Точнее, он пришел на Лэнсдаун-креснт. Ключи от дома по-прежнему были у него в кармане, но хорошие манеры — и осторожность — требовали, чтобы он нажал на кнопку звонка. Сквозь дверь, наполовину стеклянную и украшенную замысловатыми стальными завитушками, смутно замаячила устрашающая фигура. Гай подумал было, что это Дорис — та, что не могла всходить по лестнице. Из-за больных коленей. Та, что боялась всех лестниц, ненавидела их — все без исключения.

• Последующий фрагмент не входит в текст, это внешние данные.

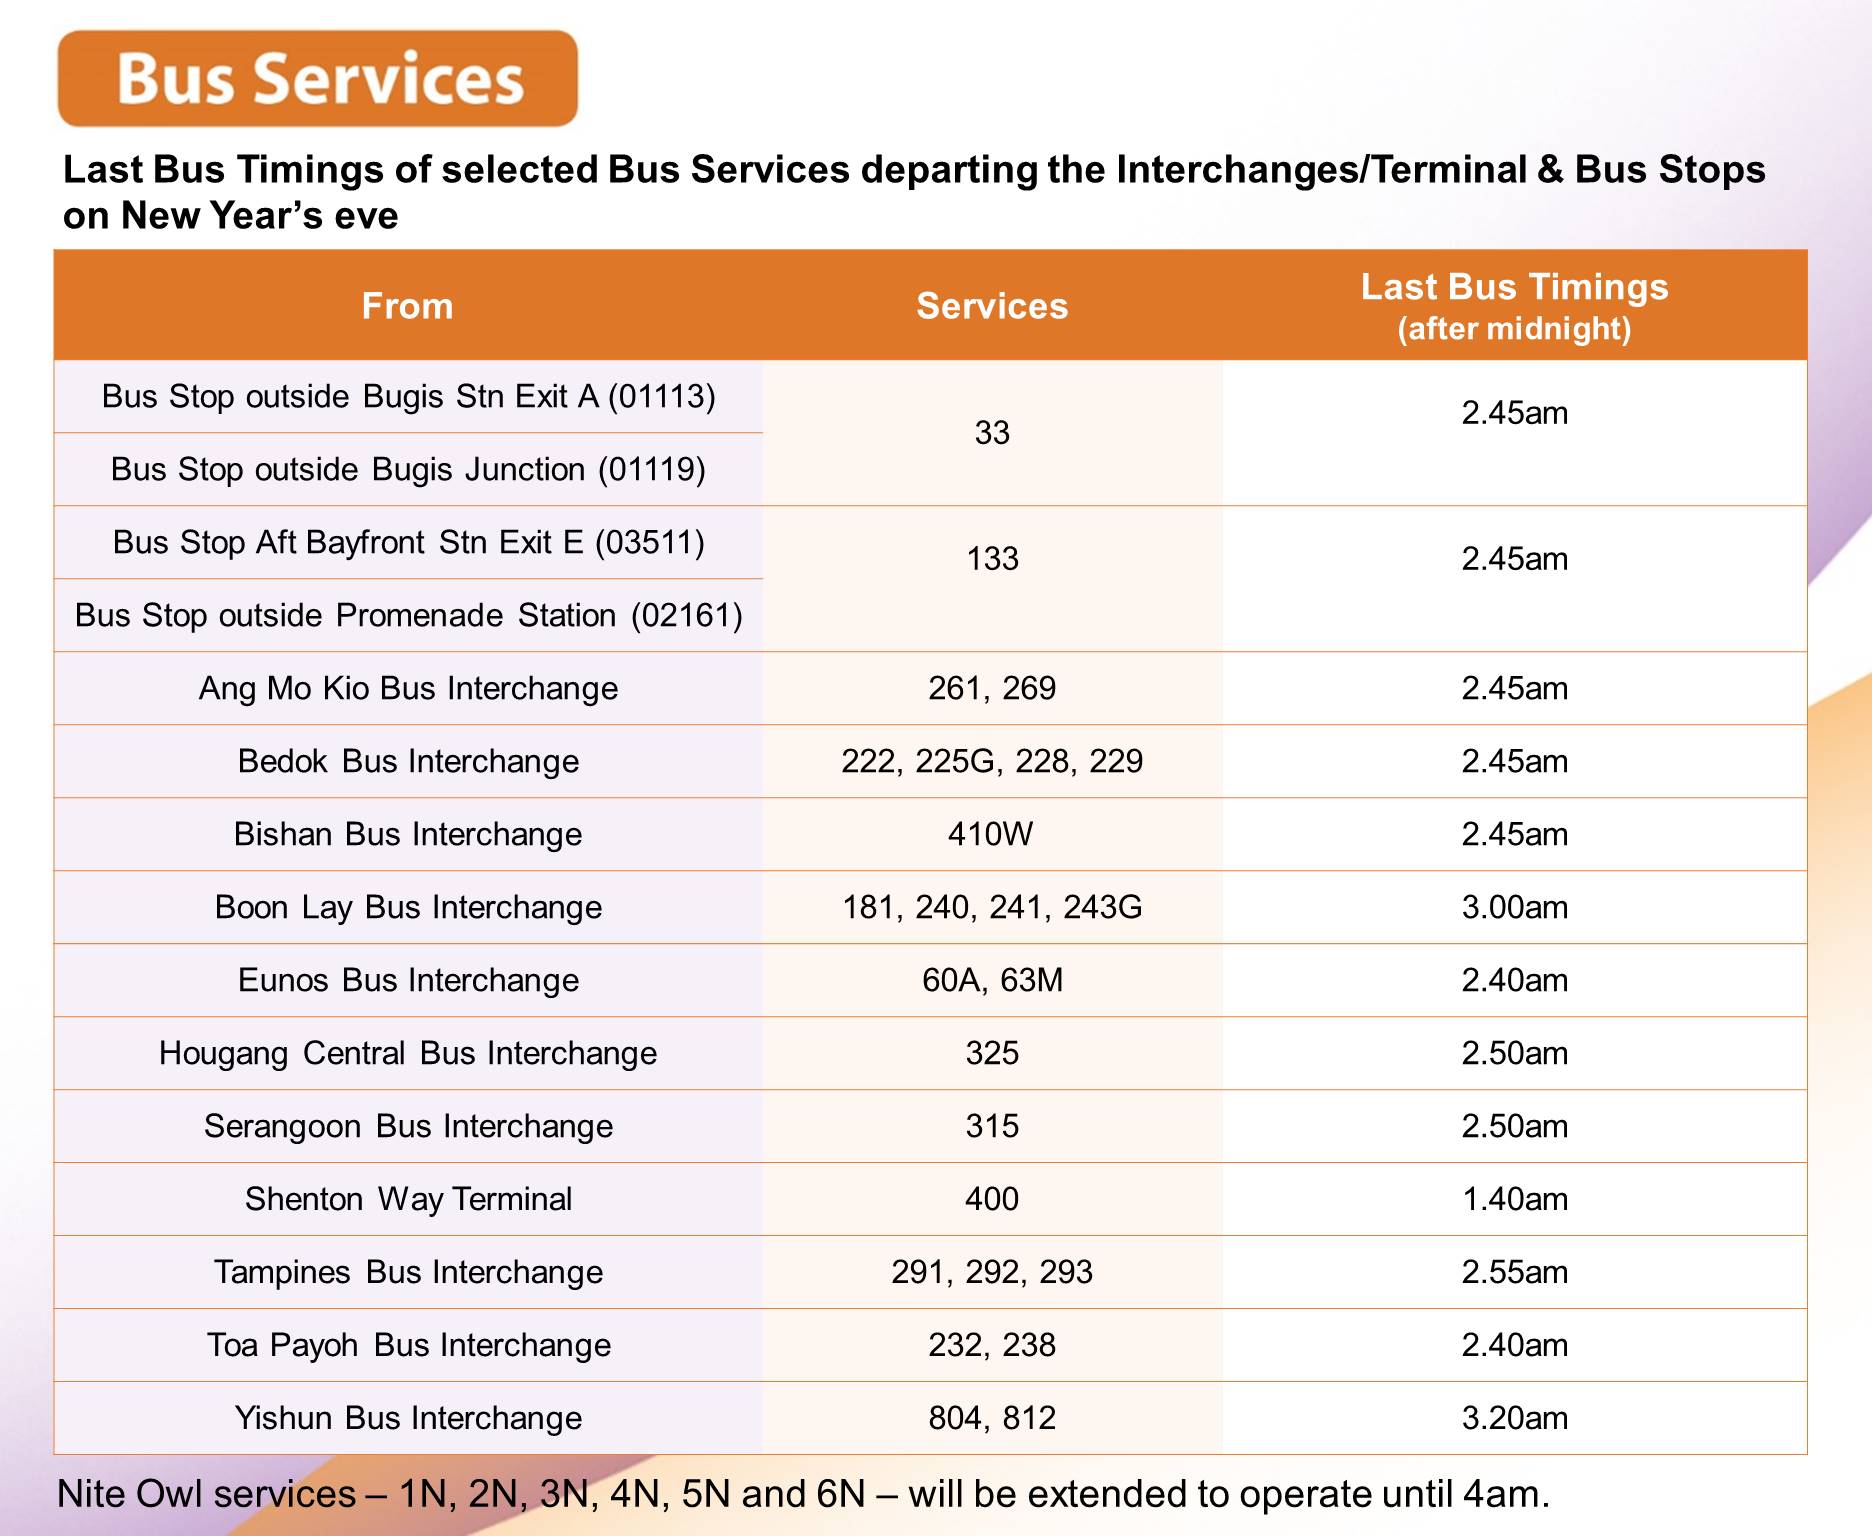 Bus services last bus timing New Year's Eve 2019 2020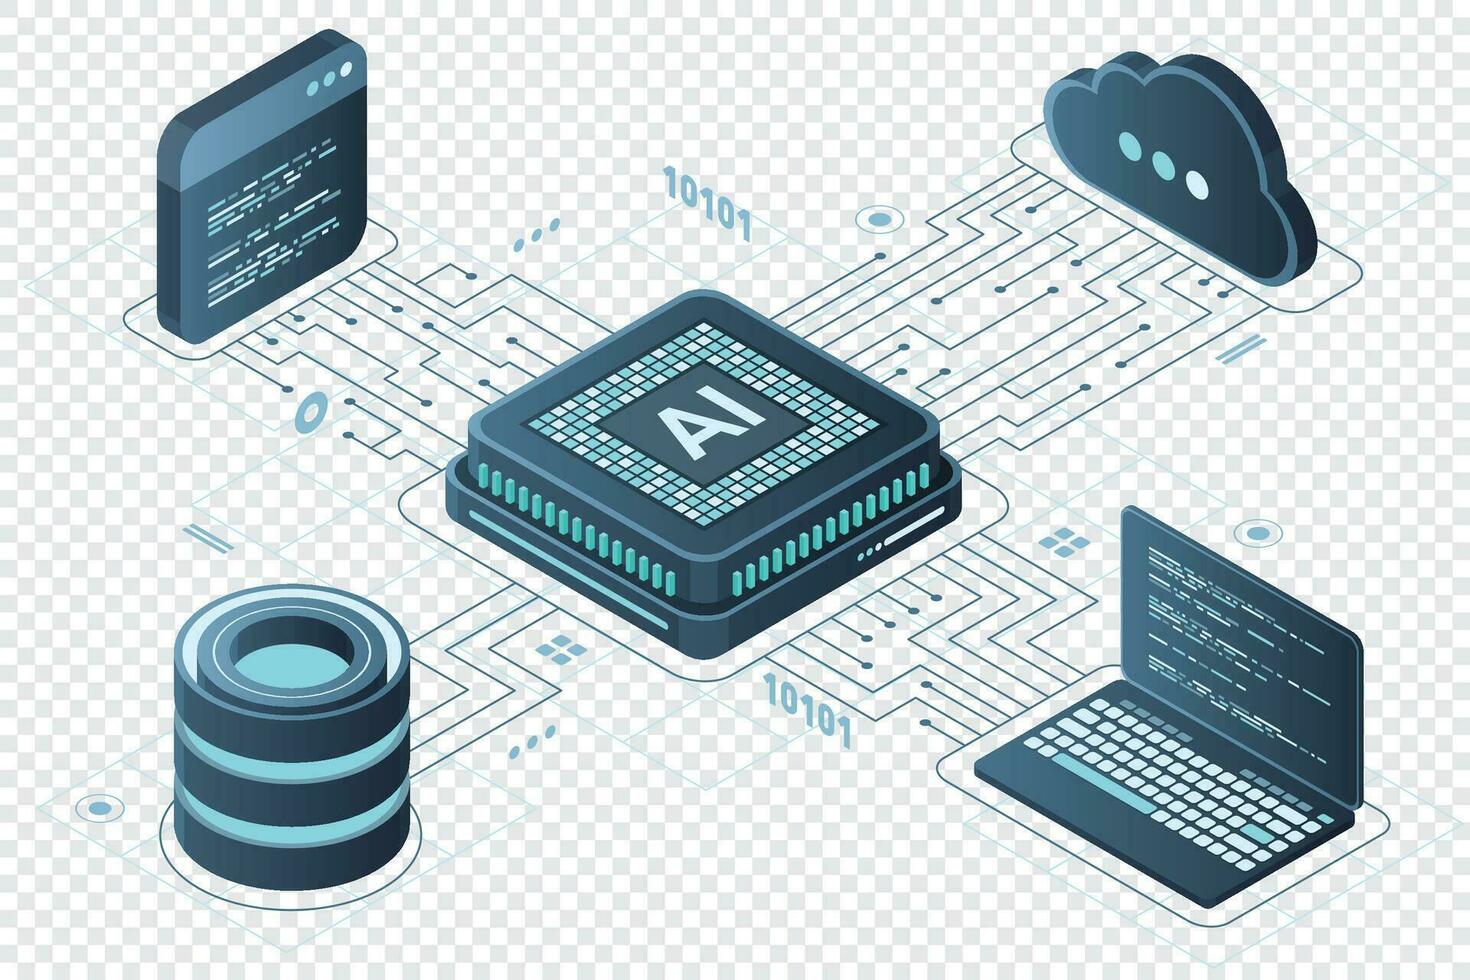 Isometric artificial intelligence chip concept. Artificial Intelligence server. Futuristic microchip processor. Isometric cloud computing. Vector illustration

Дверь открылась. Оказалось, что за ней была Лиззибу. Он уставился на нее, не в силах отвести глаза. И не мог не вспомнить о виденном им сегодня гелиевом дирижабле, грузно нависшем над четвертым терминалом.

— Ну не чудесно ли? Не чудесно ли?

В голосе ее звучала радость. И Гай, слушая ее, ясно увидел другую Лиззибу, ту, которую он любил около месяца, ту, которую целовал и к которой прикасался среди трепещущего фарфора. Другая Лиззибу по-прежнему была цела, она просто пряталась где-то внутри этой, а сейчас могла без опаски выбраться наружу.

— Ну вот, теперь все опять в порядке.

Гаю, конечно, от этого не было ни холодно ни жарко, потому что она имела в виду всего лишь планету в целом.

— Как Хоуп? Мальчик?

— Да ты бы лучше прошел наверх.

Он прошел наверх. Когда на верхней площадке он свернул за угол, его смутил некий силуэт в коридоре, возле двери в спальню. В застывших его очертаниях было нечто наставительное, ритуальное, церемонное. Приблизившись, он увидел, что это маленький мальчик — в полном рыцарском снаряжении.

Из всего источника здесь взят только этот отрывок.